**INFORMATION**
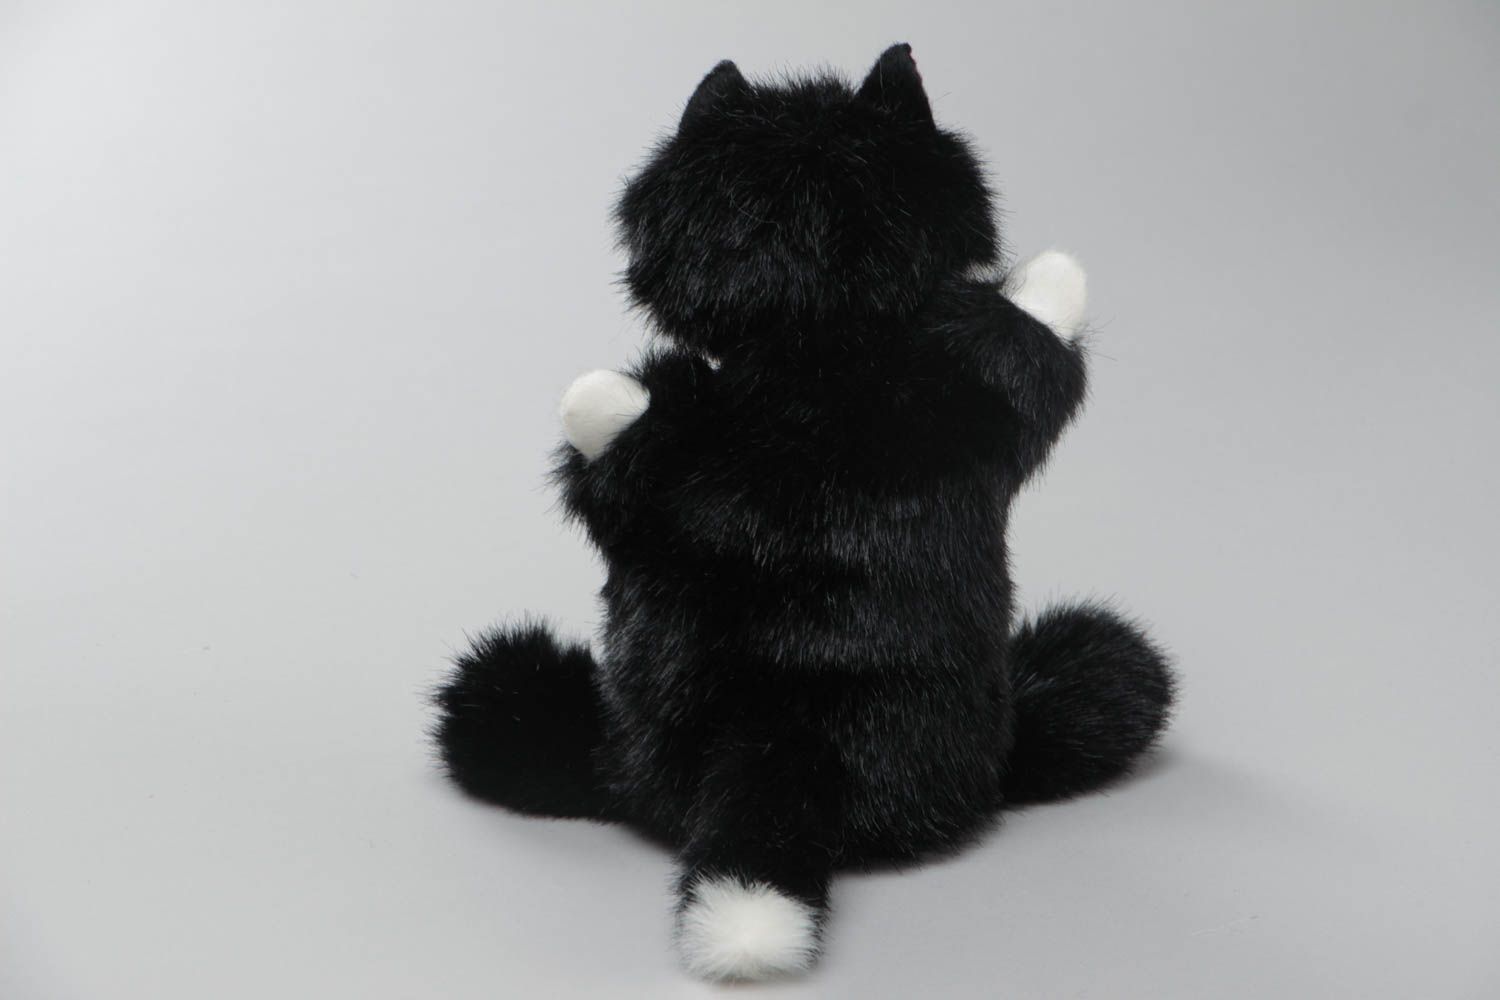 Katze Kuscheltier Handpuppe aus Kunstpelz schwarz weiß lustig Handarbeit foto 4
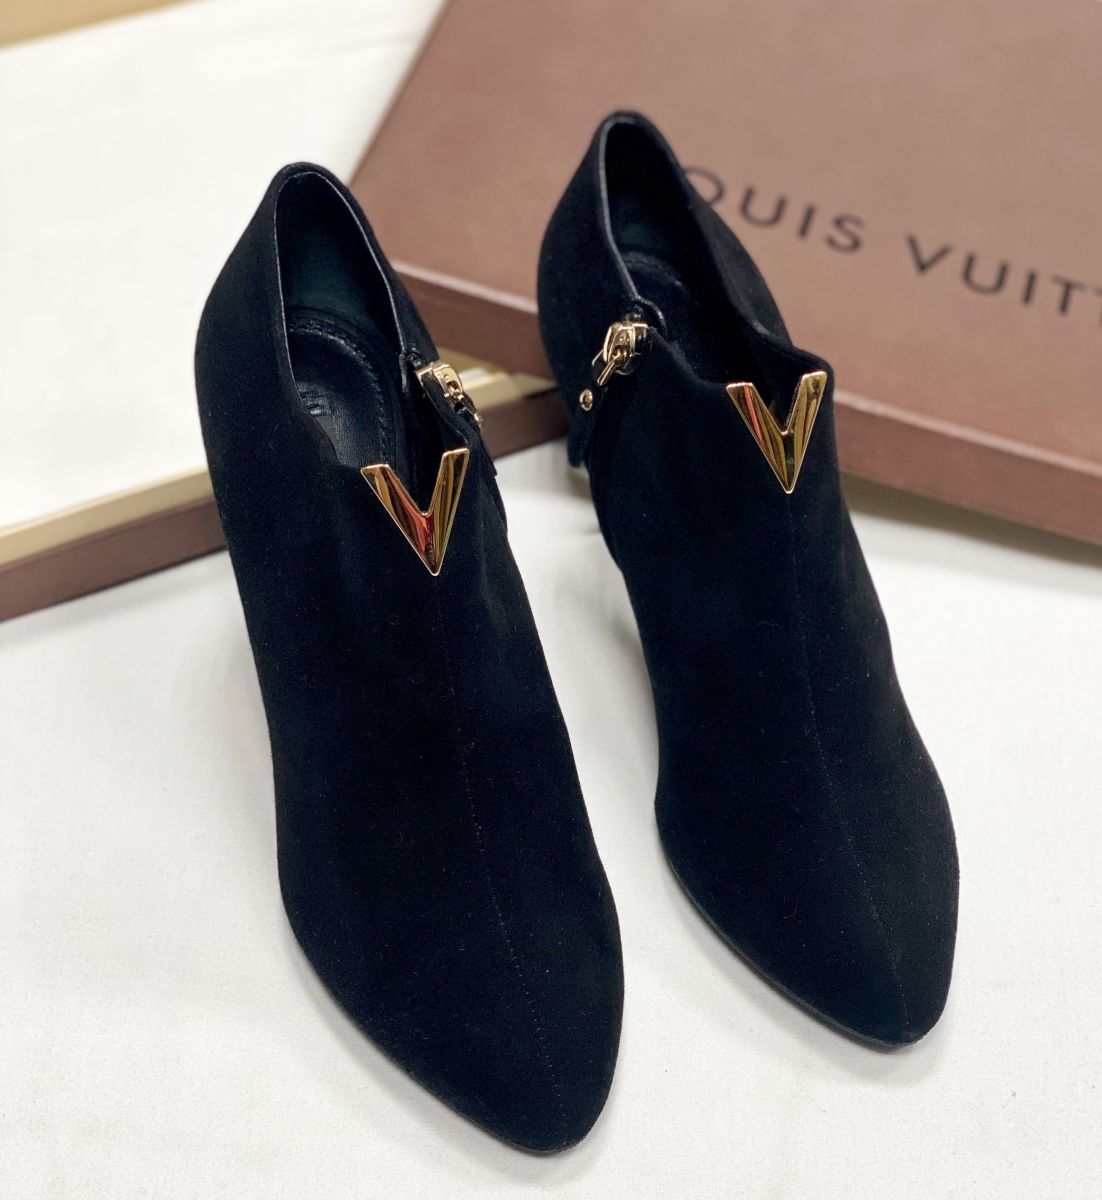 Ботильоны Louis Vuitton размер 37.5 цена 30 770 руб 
...
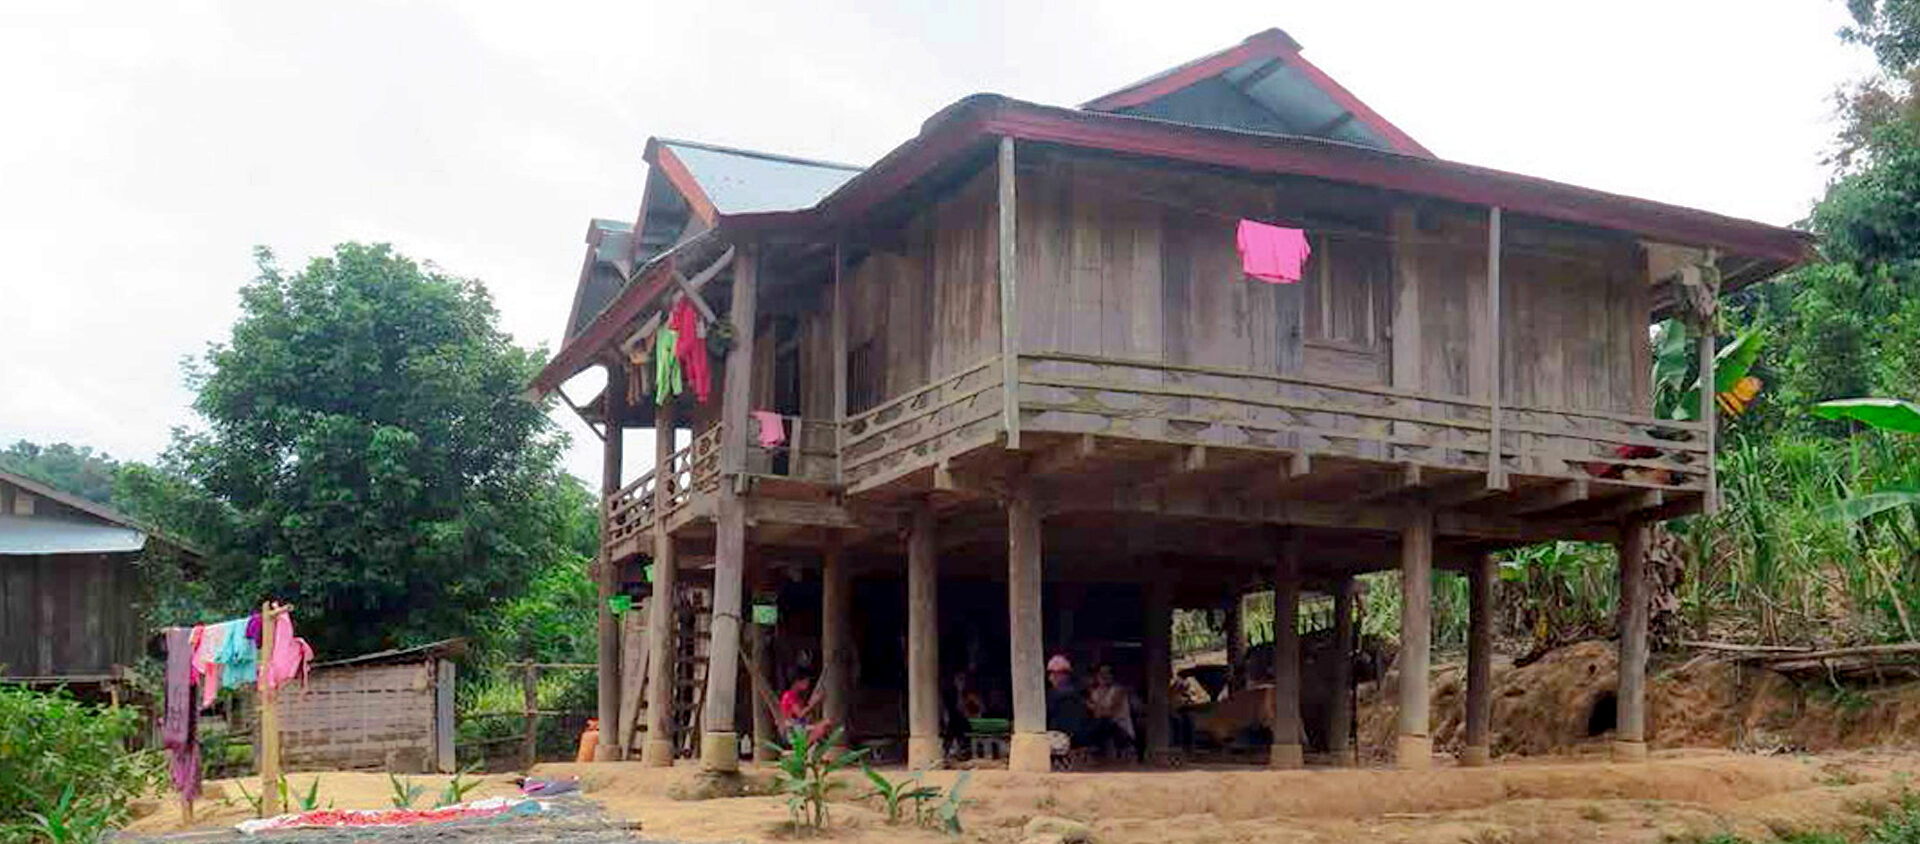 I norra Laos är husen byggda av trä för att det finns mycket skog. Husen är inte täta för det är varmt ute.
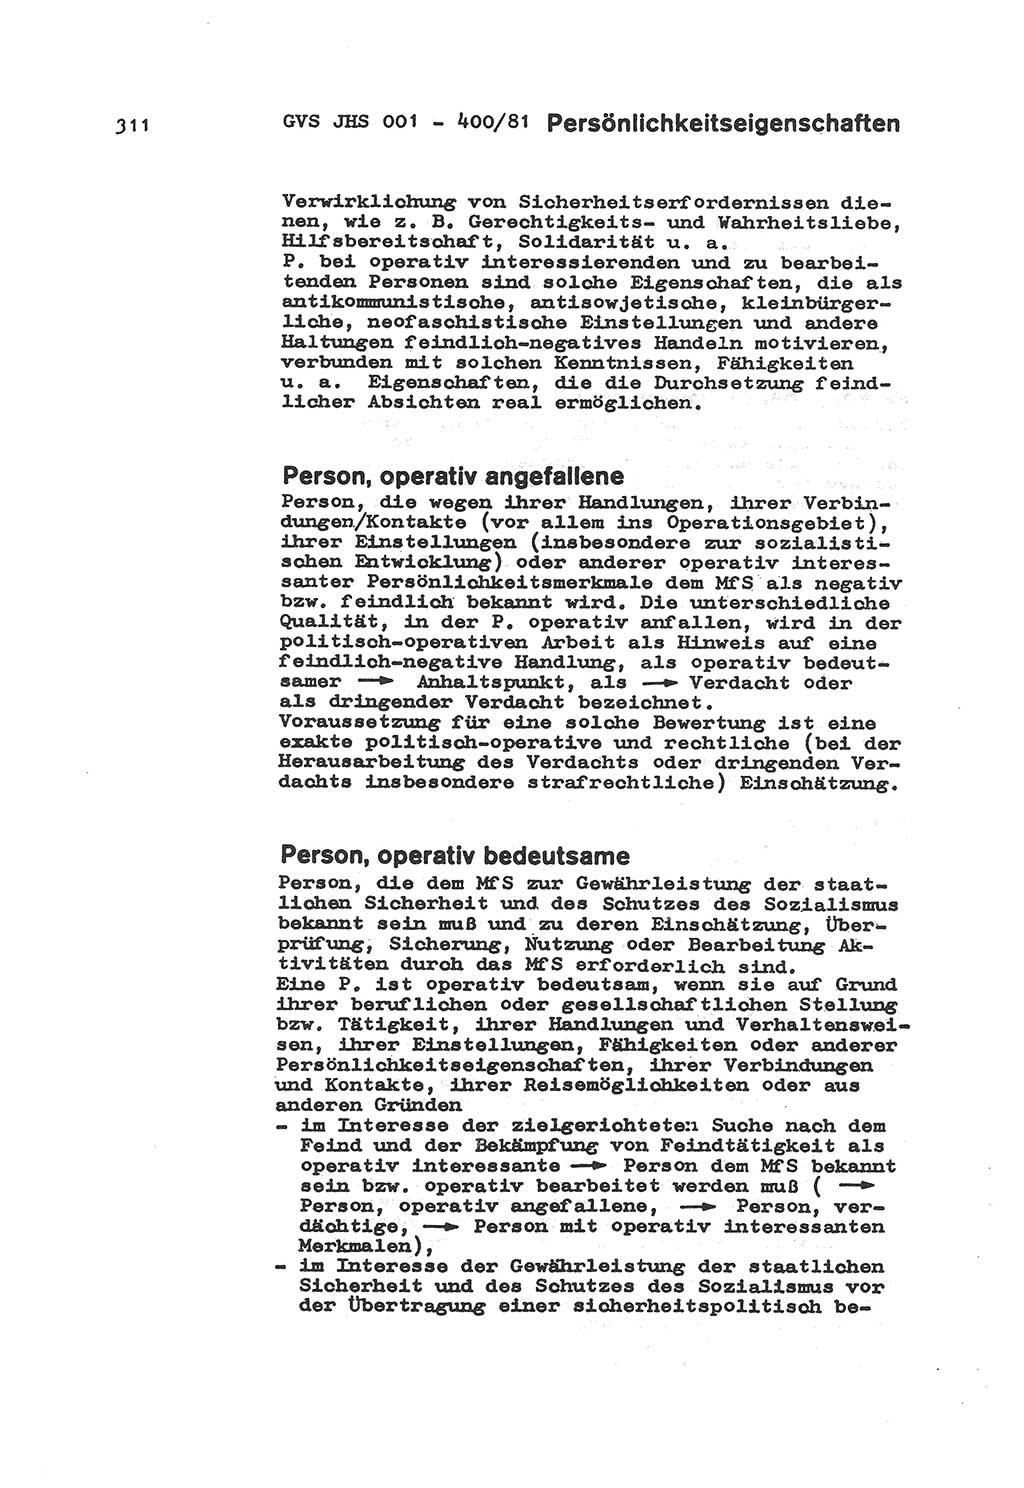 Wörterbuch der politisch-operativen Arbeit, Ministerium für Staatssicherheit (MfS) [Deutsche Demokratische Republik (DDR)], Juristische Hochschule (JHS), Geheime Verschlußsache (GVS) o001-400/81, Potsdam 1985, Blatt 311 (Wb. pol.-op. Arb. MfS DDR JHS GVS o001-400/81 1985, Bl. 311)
==
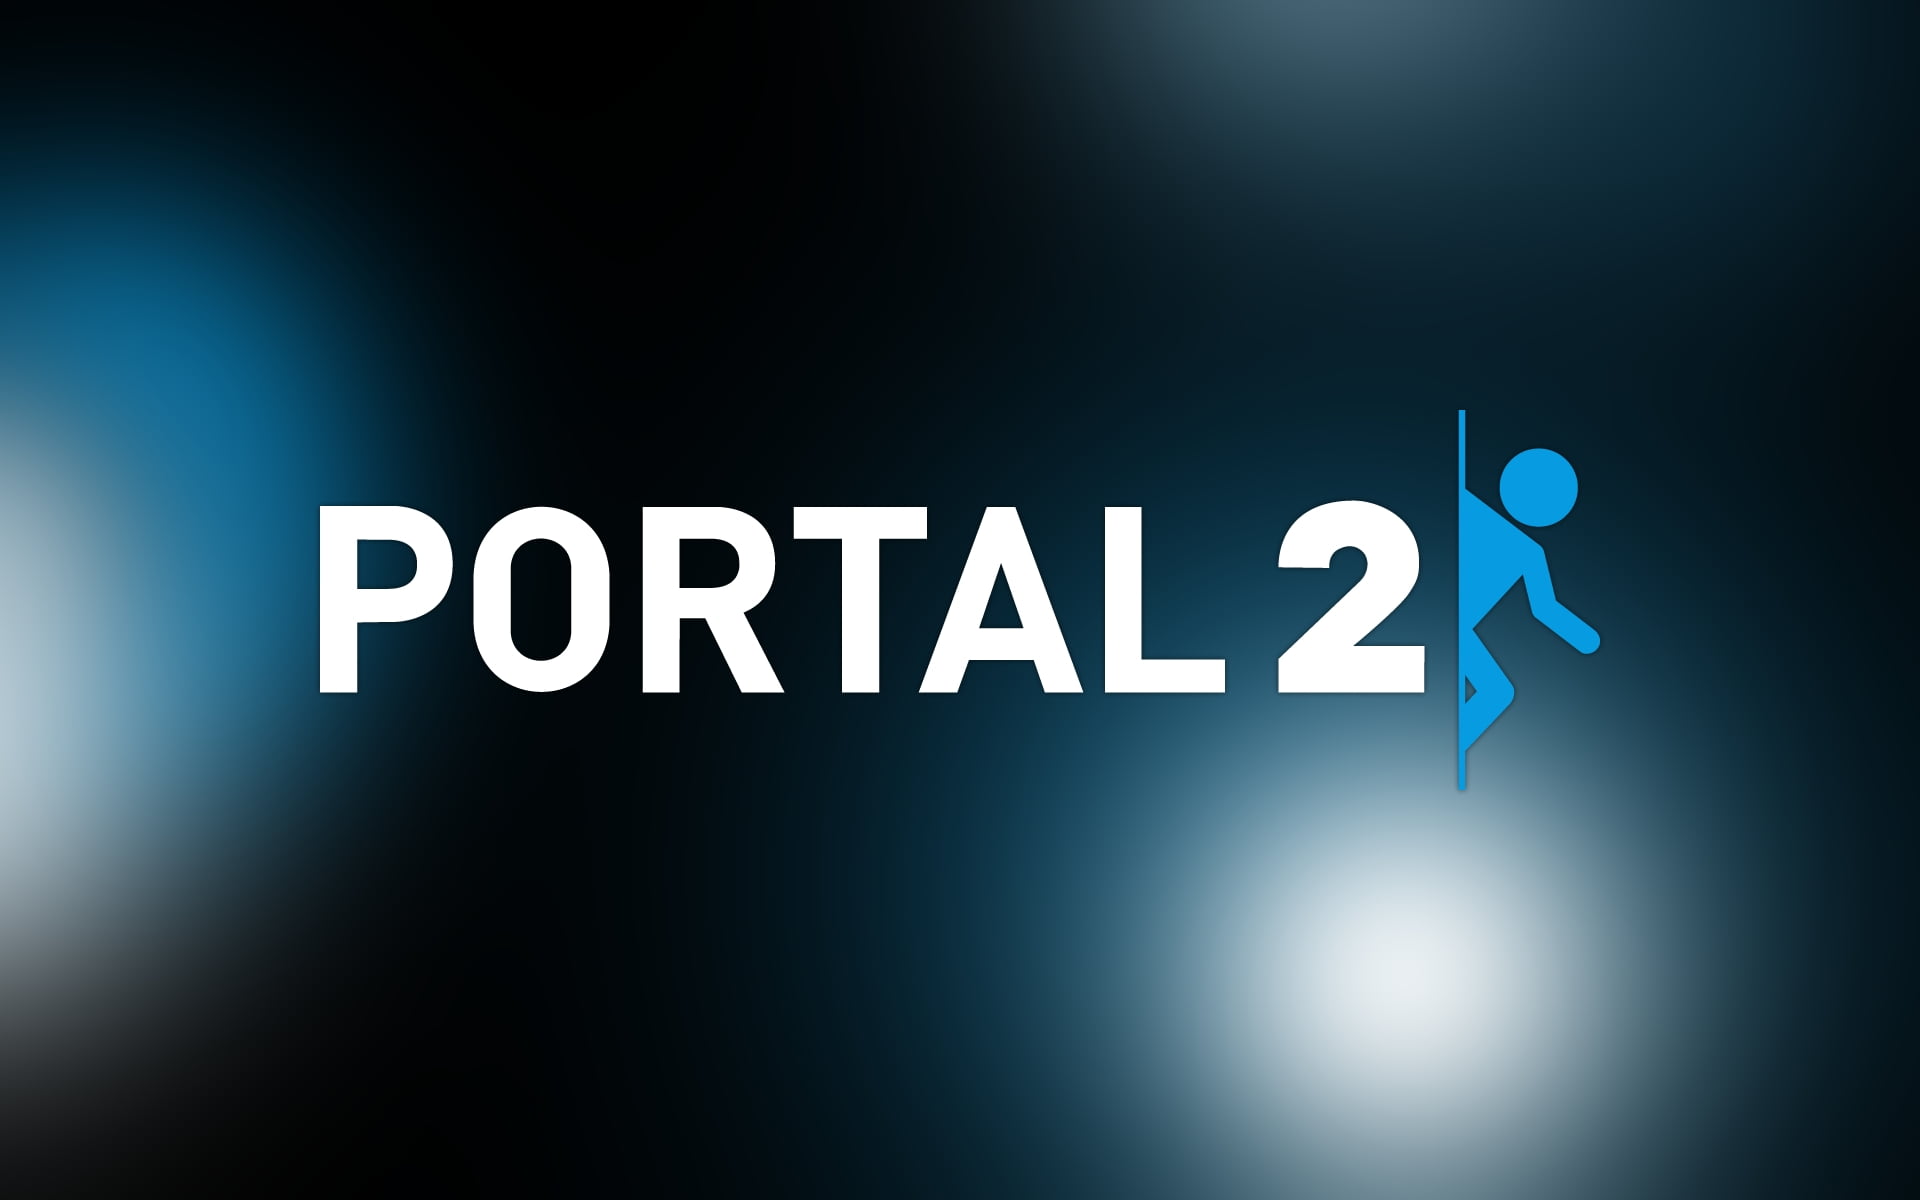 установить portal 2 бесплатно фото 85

**PROBLEM TO SOLVE**
Pictures excluded, transcribe the listing above exactly from the line with "Katze Kuscheltier Handpuppe" through the line with "Ботильоны Louis Vuitton", and no further.

**ANSWER TO THIS EXERCISE**
 Katze Kuscheltier Handpuppe aus Kunstpelz schwarz weiß lustig Handarbeit foto 4
 Ботильоны Louis Vuitton размер 37.5 цена 30 770 руб 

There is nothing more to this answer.